Its been sitting there ever since, still holding on to the task in its gui:
Capture.PNG

There is no sign of any other processes or high ram usage.

Slave nameis lapro0496 (for future ref)

Hmm, interesting. If I were to guess, I’d say the two issues are unrelated; it seems to have succeeded in it’s ‘requeue’ of the Job.

Was this with Plugin Sandboxing turned back on? That OOM error is definitely coming from somewhere inside a Deadline Sandbox (unless something REALLY weird is going on). It’s possible that it was the Event Plugin sandbox (which doesn’t get turned off currently), so that might explain it if you do have it turned off still.

Is the process still running (either the Slave or the Sandbox)? I imagine you’ve probably restarted it at this point, but if so, a memory dump would be helpful in determining what it’s hanging on.

Also, if you check the log, were there any Event Plugin timeouts that occurred earlier on? Are you guys using event plugin timeouts? Now that I’m looking at some of this code, there’s definitely some weird behaviour around timeouts that might result in this kind of hanging; we’ll definitely look at getting that fixed either way.

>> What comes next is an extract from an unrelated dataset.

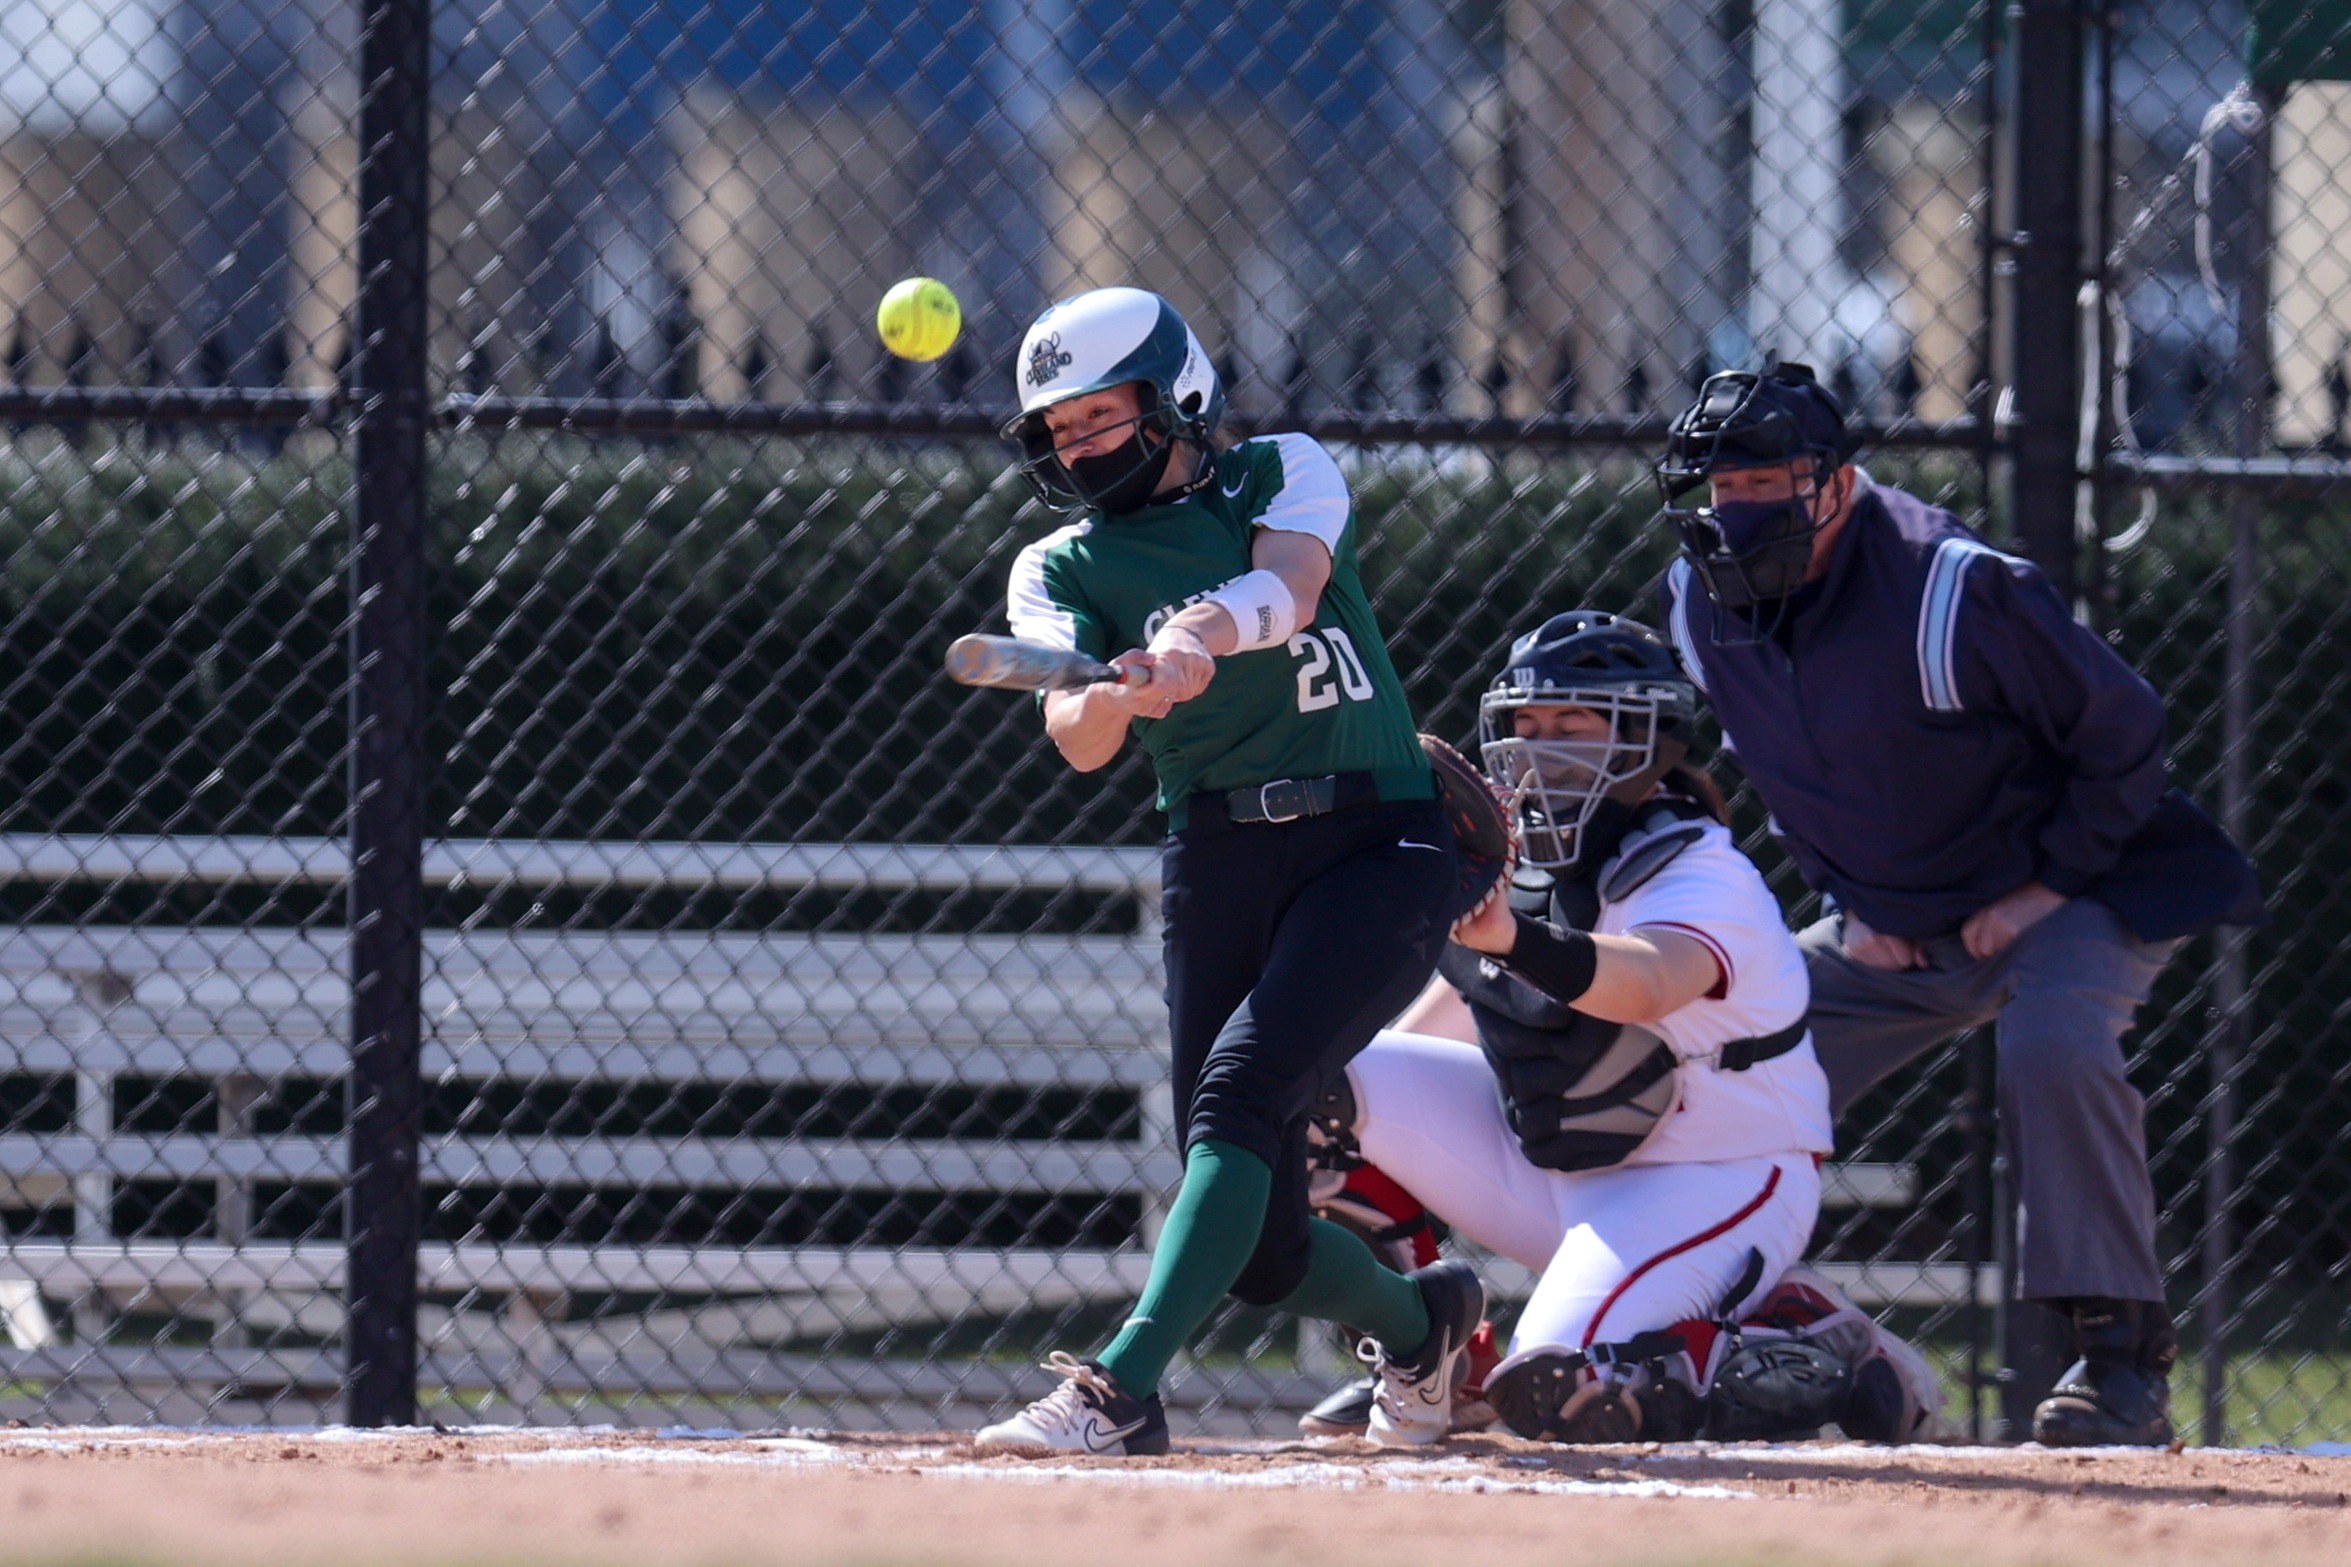 Softball tied for first in HL after opening-weekend sweep of IUPUI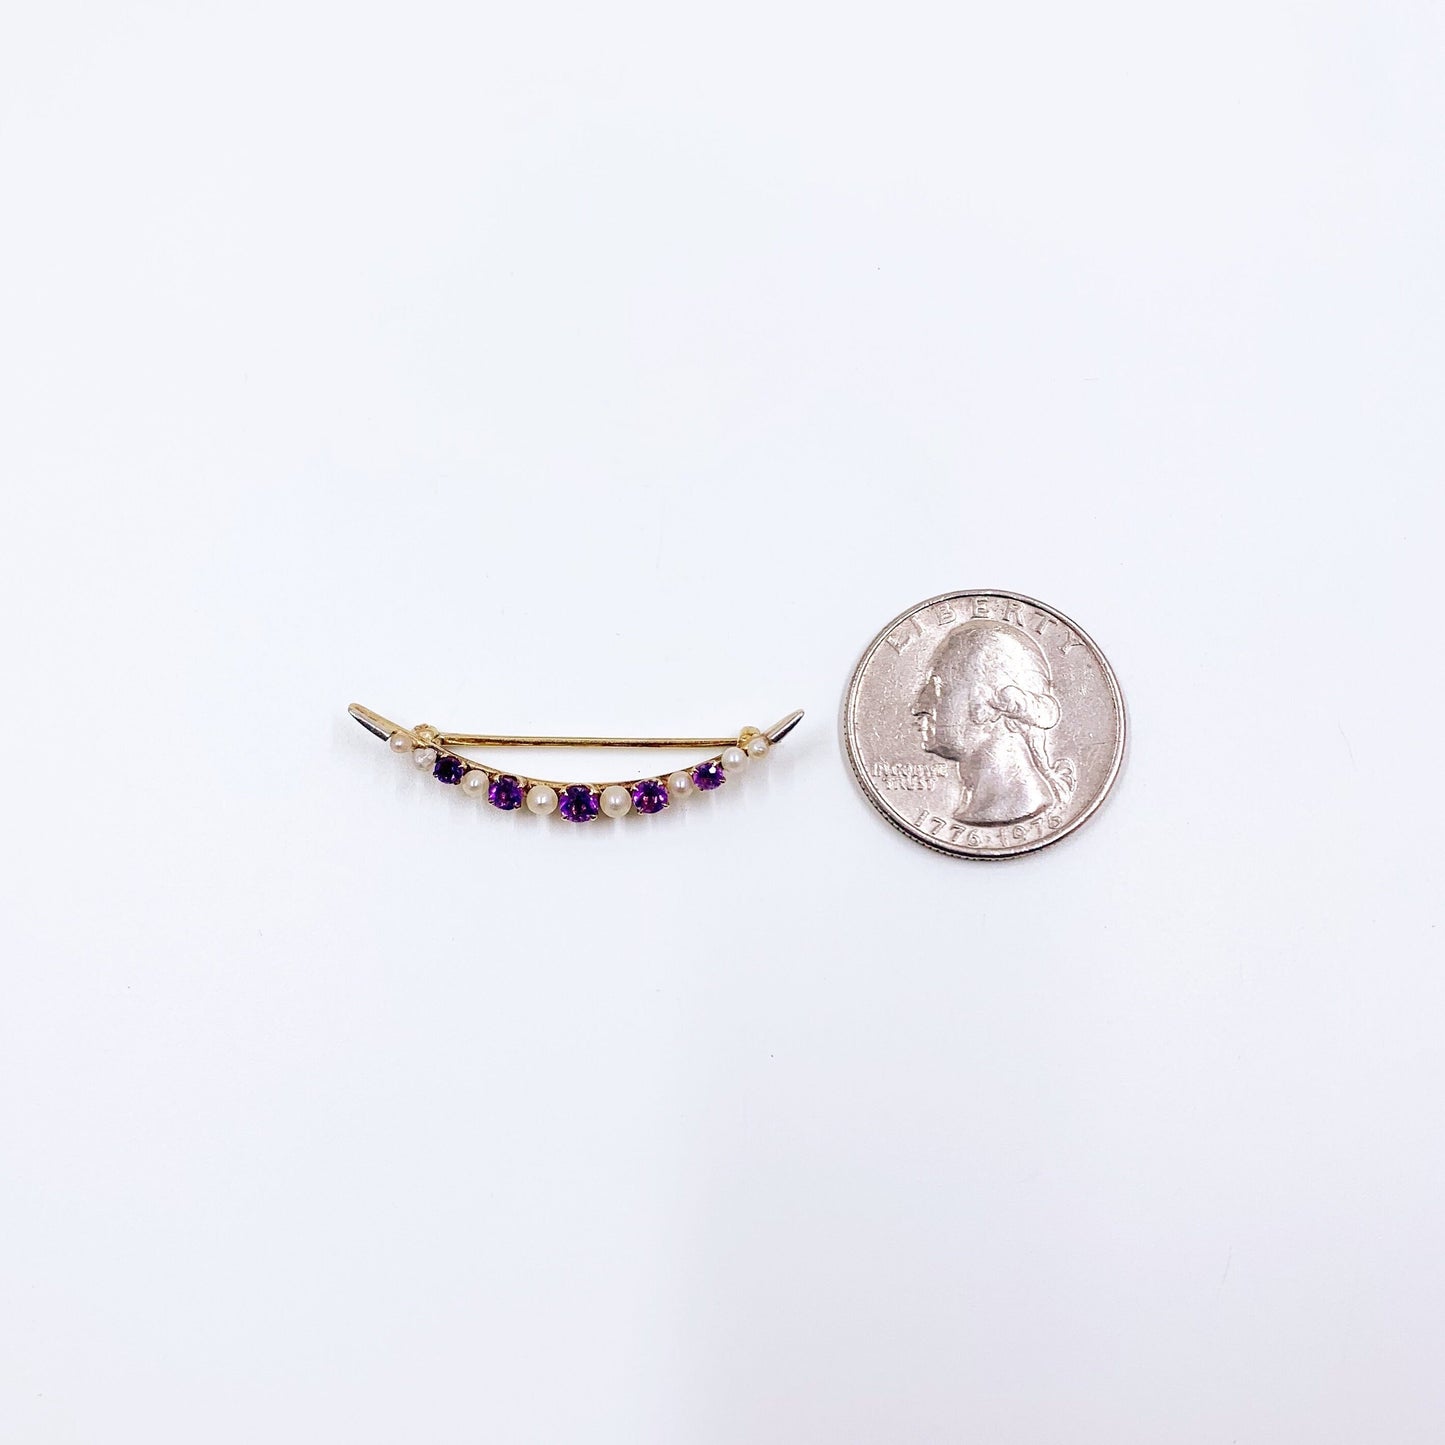 Antique 14k Gold Crescent Moon Amethyst and Seed Pearl Brooch

We actually only reenabled plugin sandboxing on the 2nd of march (yesterday), so this crash seems to have happened before that.

The process has been restarted since,… i didnt find any obvious even errors in the logs, neither anything in the windows event logs.

I dont think we are using any event timeouts… Is that a feature im unaware of? :slight_smile:

What do you think about this line?

Yeah, I’m not sure what’s going on there, that’s very strange. Glancing at the code, there is a check to try and make sure that the detected job isn’t the current one, but there might be something else mutating the state in another thread.

To confirm, it was actually rendering that Job ID? Wondering if this is a display issue somehow… Has it only been this one instance so far, or has this been happening repeatedly?

Yeah thats the job it was rendering!